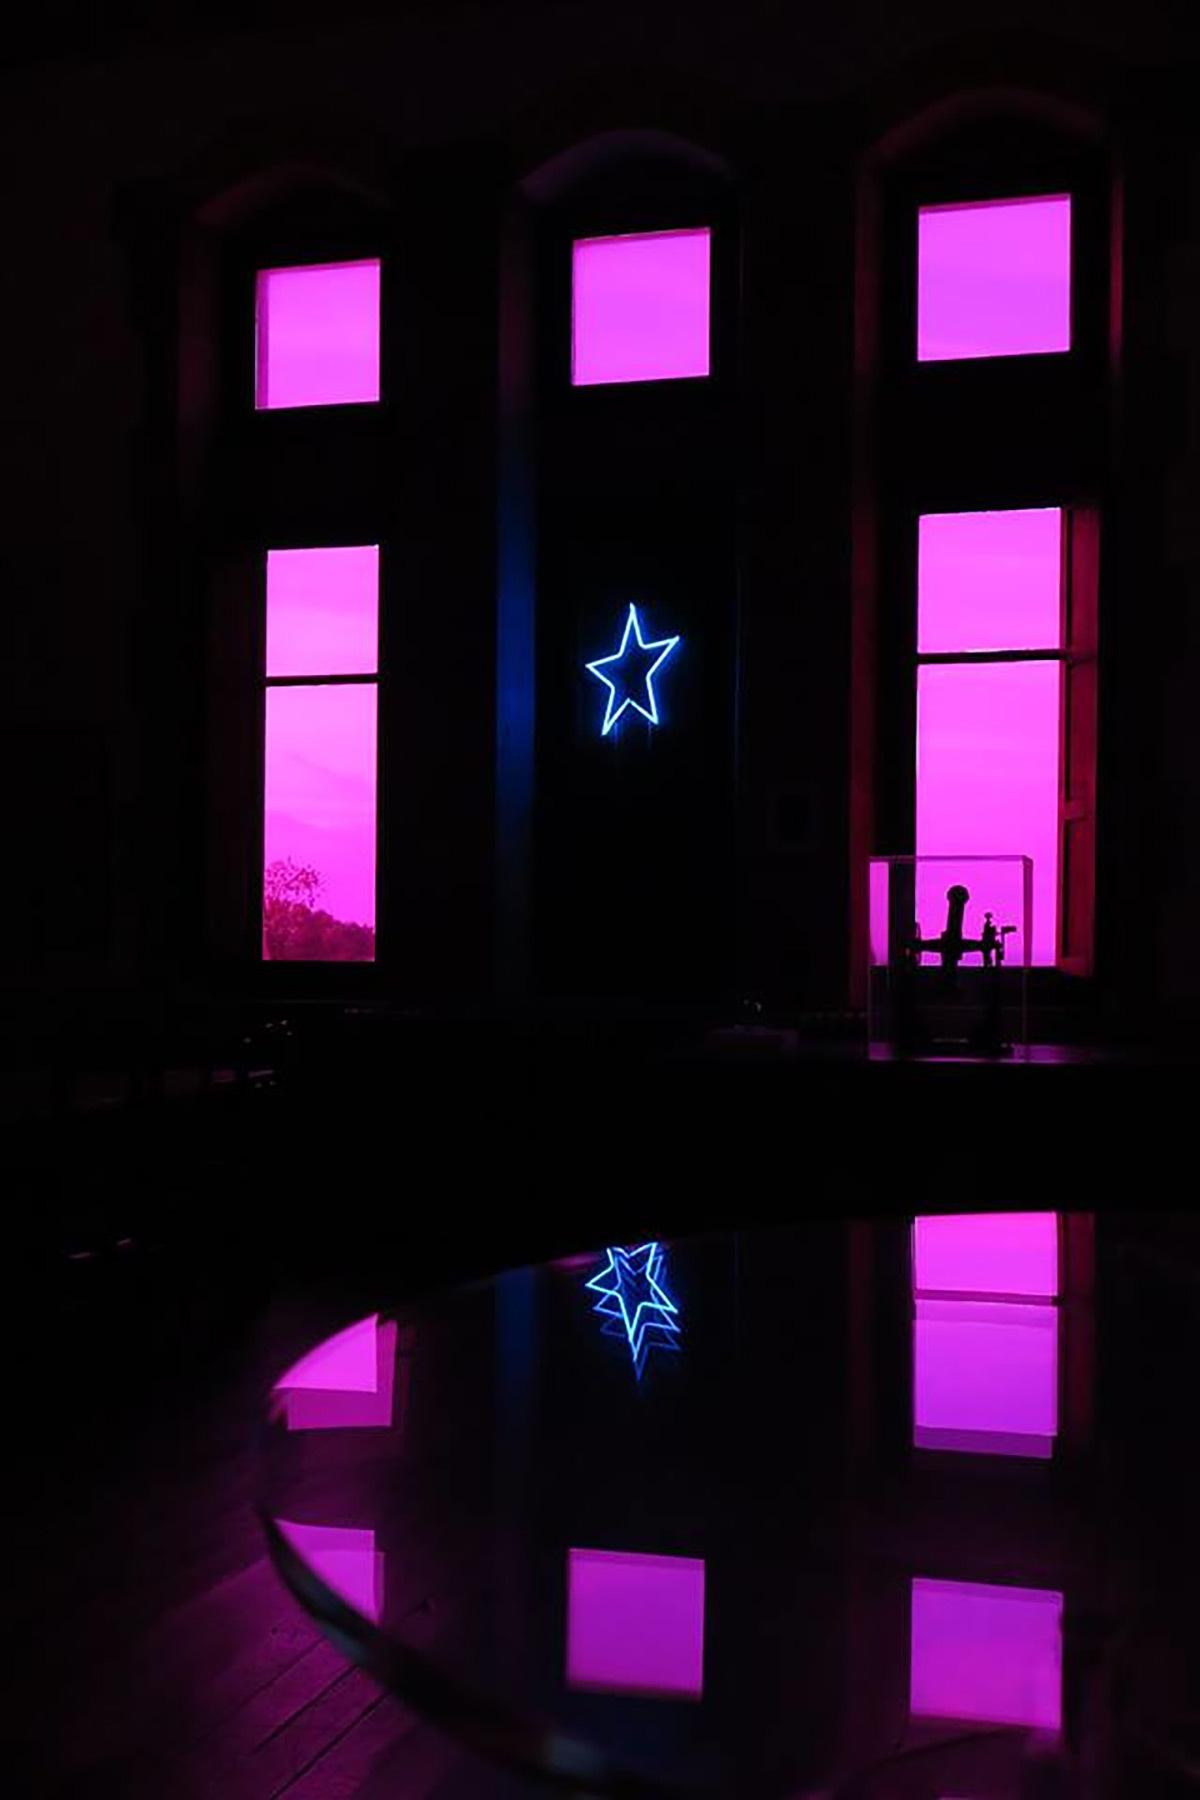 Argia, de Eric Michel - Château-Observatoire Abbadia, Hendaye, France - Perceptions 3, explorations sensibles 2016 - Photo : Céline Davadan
---
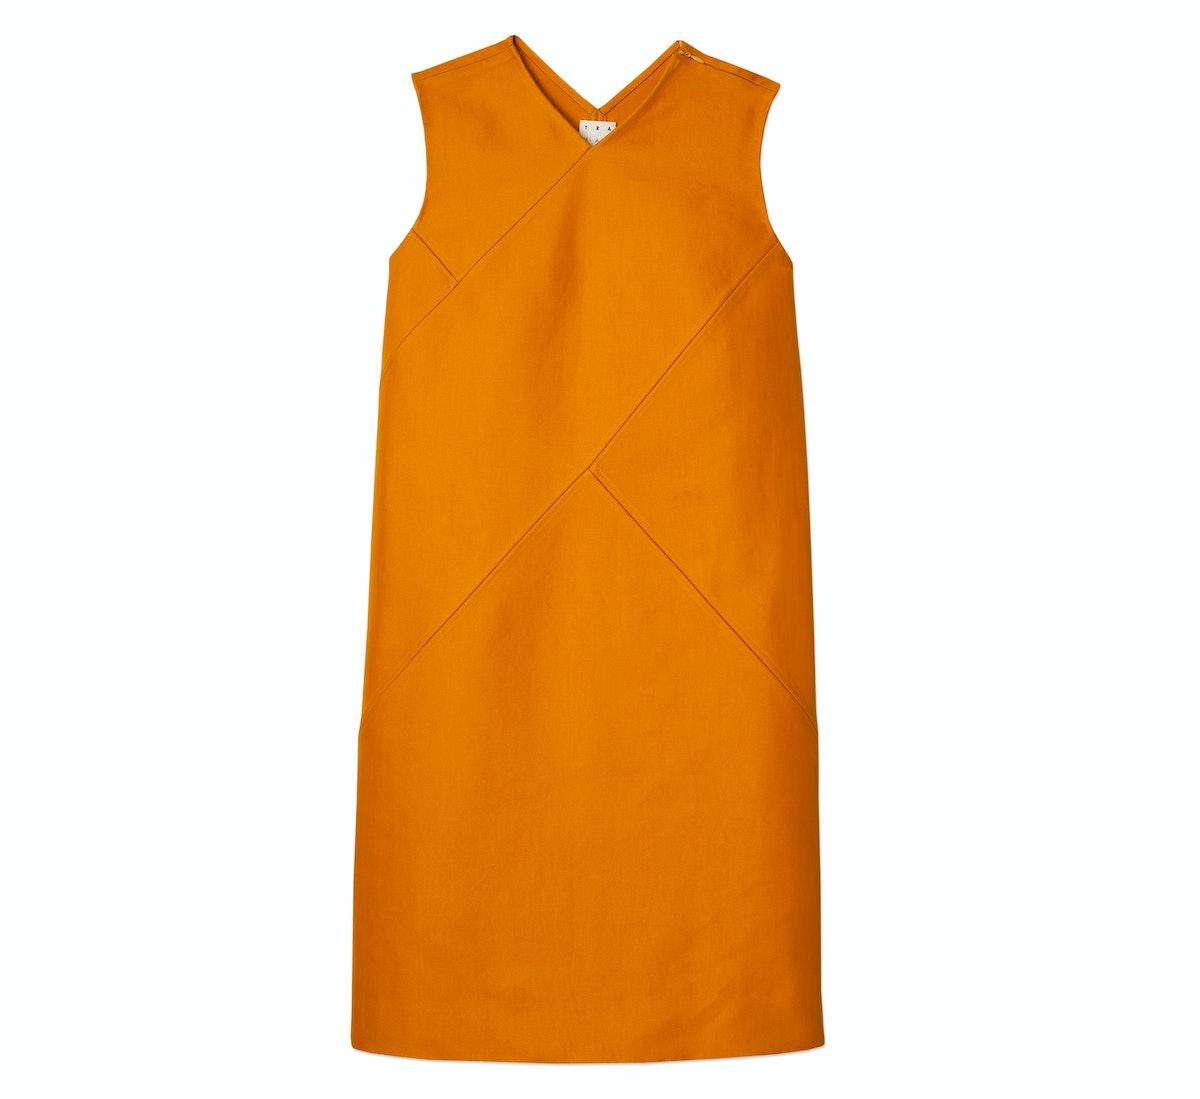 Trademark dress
* * *
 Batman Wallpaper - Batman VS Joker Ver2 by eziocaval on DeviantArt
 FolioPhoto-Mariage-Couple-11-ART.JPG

## Requirement
Copy out, exactly and alone, the lines of the entries above between the ones holding "Batman Wallpaper - Batman" and "FolioPhoto-Mariage-Couple-11-ART.JPG", inclusive.

## Task response
 Batman Wallpaper - Batman VS Joker Ver2 by eziocaval on DeviantArt
 FolioPhoto-Mariage-Couple-11-ART.JPG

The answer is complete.